The Unfinished Swan [Review]

  • Platform: Playstation 3 (PSN)
  • Published by: Sony Computer Entertainment
  • Developed by: Giant Sparrow
  • Genre: Adventure
  • ESRB Rating: E for Everyone
  • Number of Players: Single Player
  • Release Date:  October 23rd, 2012

I’ve never had a talent for painting. Nor do I have any talent for drawing… let’s just say that my artistic abilities are limited when it comes to expressing them through these two mediums. The Unfinished Swan gave me confidence that although I cannot create fantastic art in the real world, I can create (or at least add my own style too) beautiful looking art in this games world. The Unfinished Swan is a rare game, and anyone with a PlayStation 3 should own it.

Monroe’s mother never finished anything. She also loved to paint and out of all of her paintings, Monroe’s favorite was the unfinished swan.

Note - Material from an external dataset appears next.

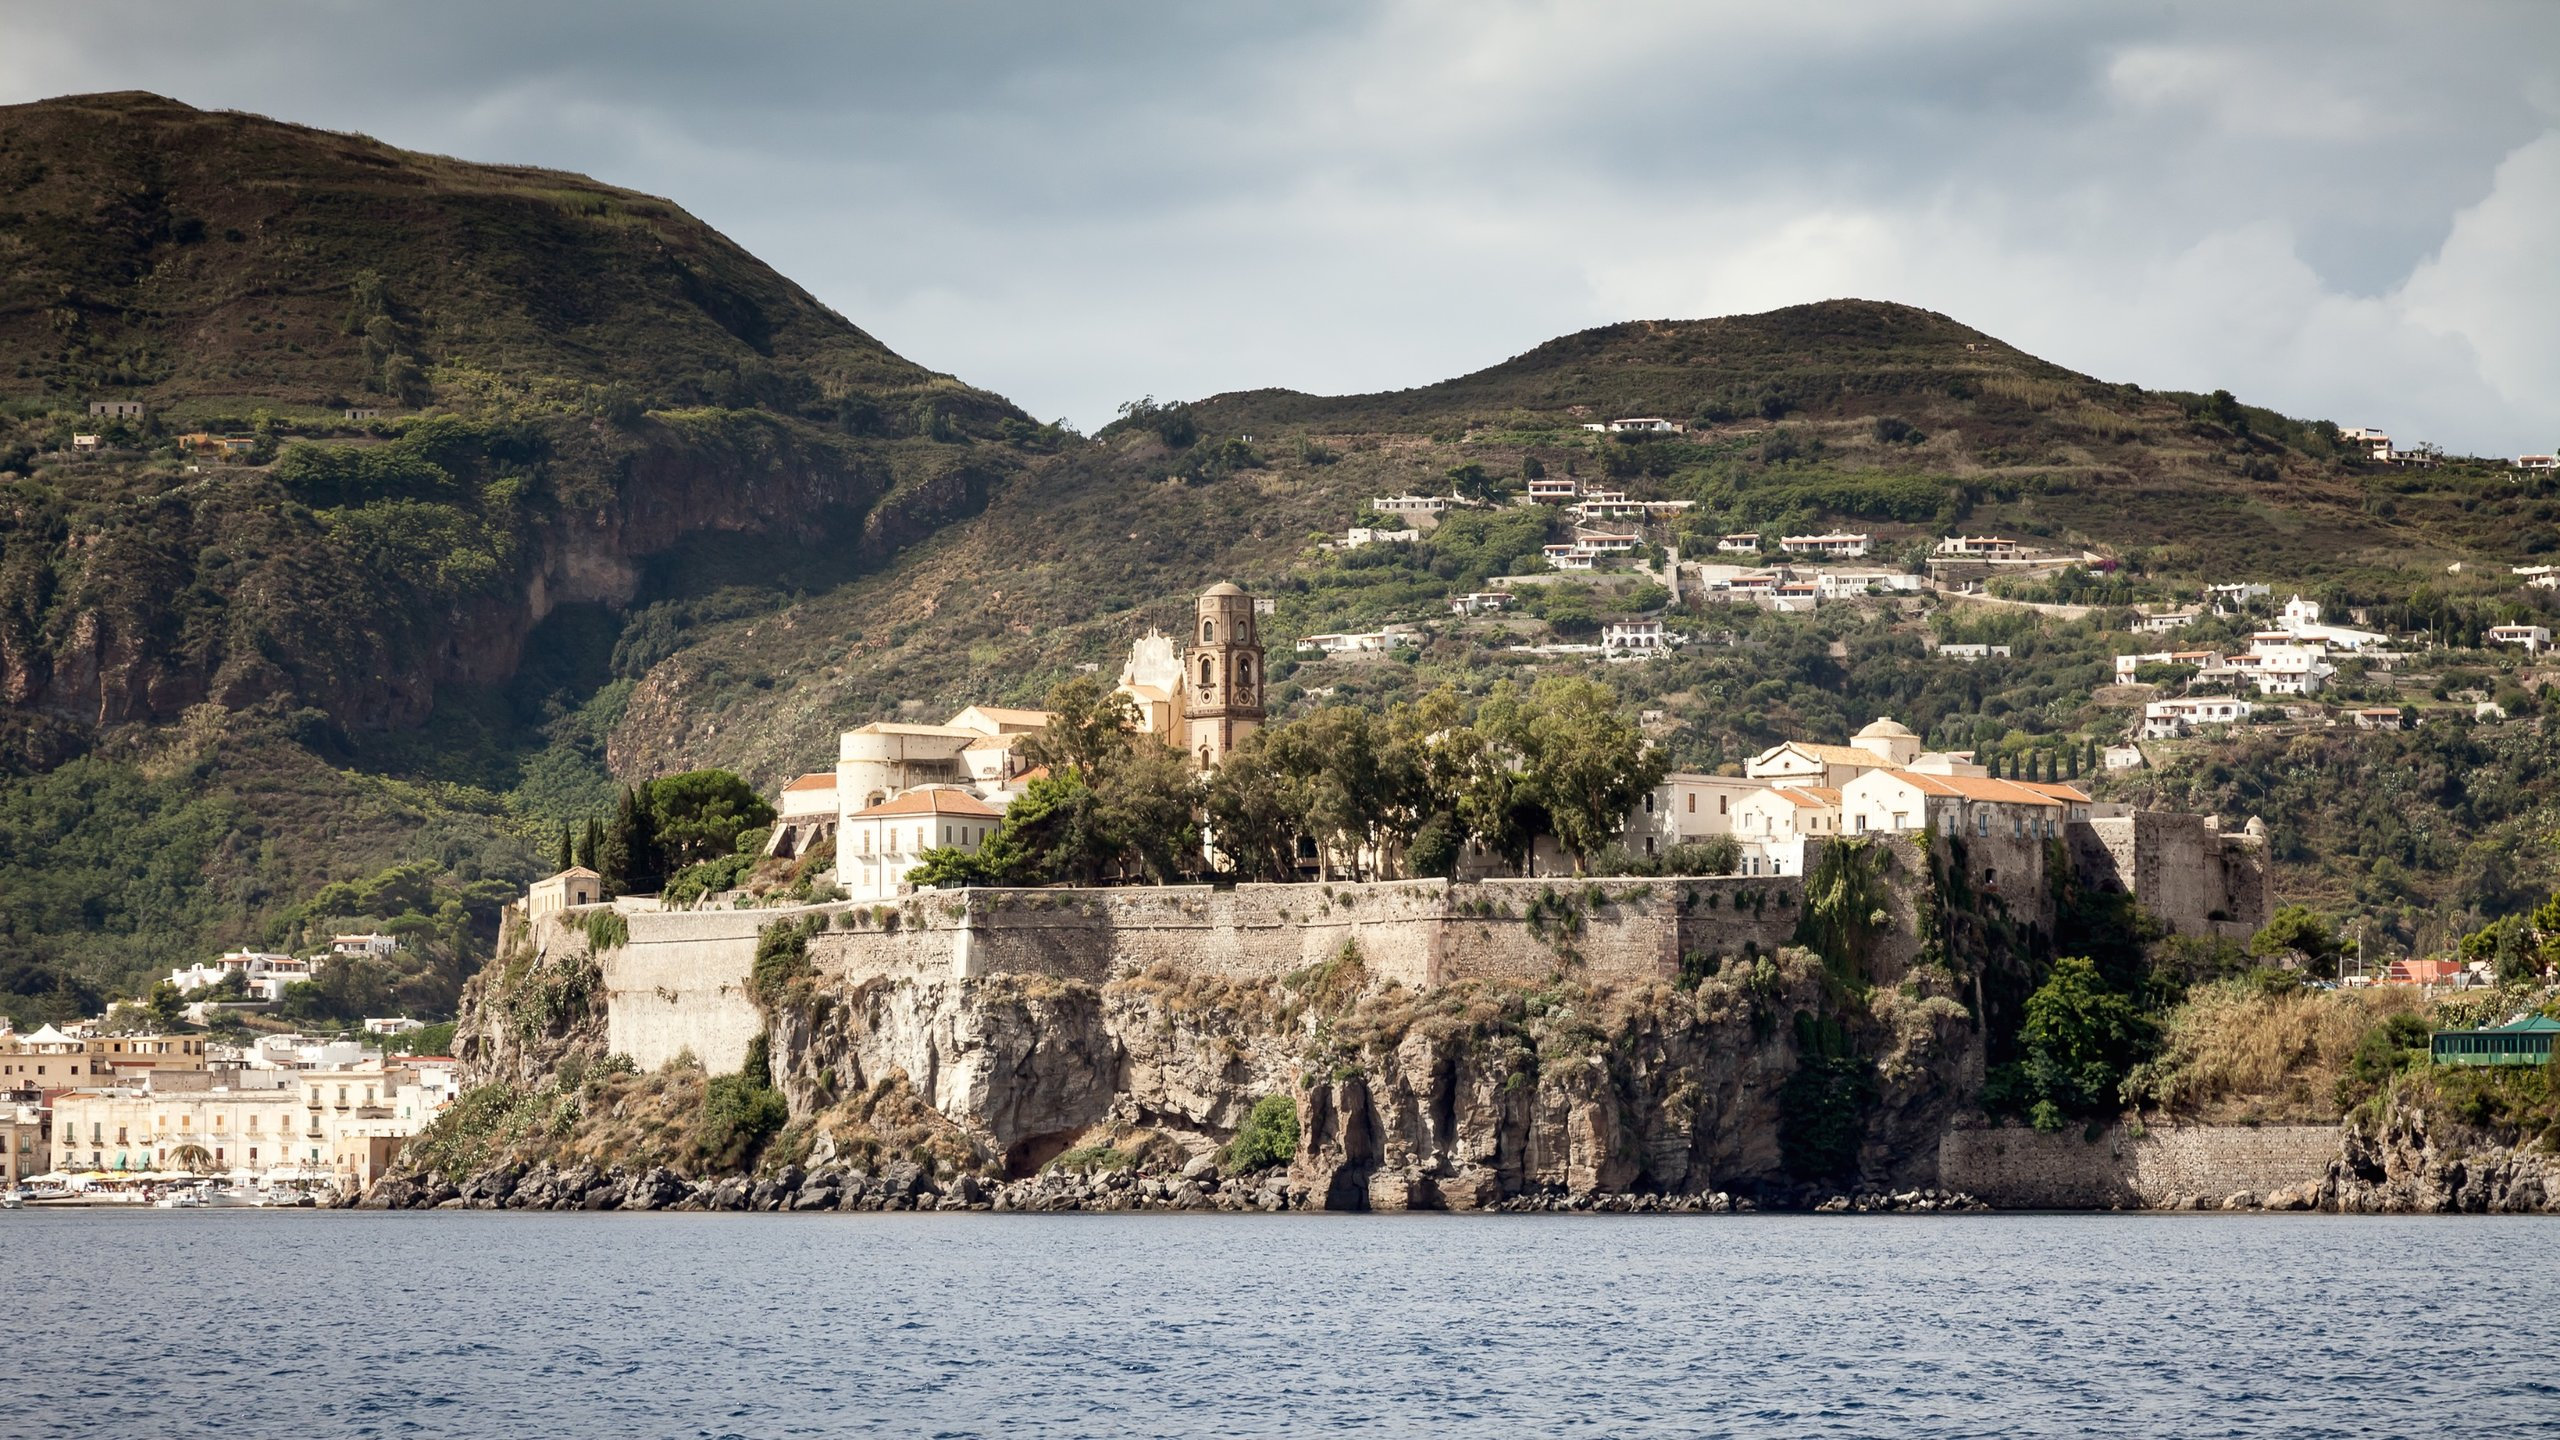 Panarea, Sicily, Italy

One night, he finds that the swan has disappeared from the picture. Curiosity leading him, and armed with only his mothers silver paintbrush, he follows the swan into a door that was not previously there. This door reveals an enormous kingdom that is completely white and it’s up to Monroe to paint a path to the swan.

The player is in control of Monroe, who wields his mothers silver paintbrush. The controls are simple, move around and throw paint blobs. Throwing black paint blobs reveal the path, but how much is painted is up to the player. It’s quite an amazing sight arriving at the end of a path and looking back on all of the painting that unfolded in simple exploration. There are a couple of different paint blobs, each with their own attribute. Scattered in each level are golden letters. Once hit with a paint blob, these letters reveal a picture and a small narrated portion of the story. Balloons are hidden in each level as well. Collecting these balloons act as a currency to buy Toys from the main menu. Toys are anything from a power to erase all the painting done in the level to unlocking concept art. New mechanics are introduced throughout the game and keep the pace smooth and refreshing. There is very little hand-holding in the game as well. When presented with a puzzle, although the puzzles aren’t complex enough to stump most people, it’s up to the player to determine the solution; not even the controls are explained.

The Unfinished Swan’s art style is very striking. The solid, white, geometric shapes contrast wonderfully when hit with a splatter of black paint. At times, the white can become a little overwhelming on the eyes. This is especially true when the black blobs are absent from Monroe’s paint brush. Considering the length of the game, the portions where the white is overwhelming seem just long enough to detract from the experience. Later in the game, many more colors begin to emerge. Vibrant greens show off lively vines while brilliant purples light up portions of a forest. Despite the intensity of the whiteness at times, this entire game looks beautiful and it’s great to see features in a game that not only add to the overall feel, but are essential to playing it as well.

The sound quality of The Unfinished Swan is very well done. Throughout the game the story is read like a children’s book which is narrated wonderfully by a woman’s voice. Pressing right on the D-pad signals Monroe to cry out, “Hello,” or “Woohoo!” A satisfying splat can be heard when each paint blob contacts a surface. The soundtrack is a nice ambient, uplifting beat when exploring the brighter sections of the game but can become tense and threatening when the mood shifts to a darker state. Overall, the sound in this game adds a great deal of character and really brings it to life.

Artistic ability is something that not everyone has. Giant Sparrow; however, seem to have both amazing artistic ability and understand how to weave that ability into a video game. The Unfinished Swan has a nice story that’s touching at all the right moments, and the gameplay is smooth and diverse enough to keep the player interested until the end. The art style not only looks fantastic but by simply playing the game makes it look even better. Along with games like Journey and The Walking Dead, The Unfinished Swan is a phenomenal experience and is one of the few downloadable games that has brought a genuine smile to my face.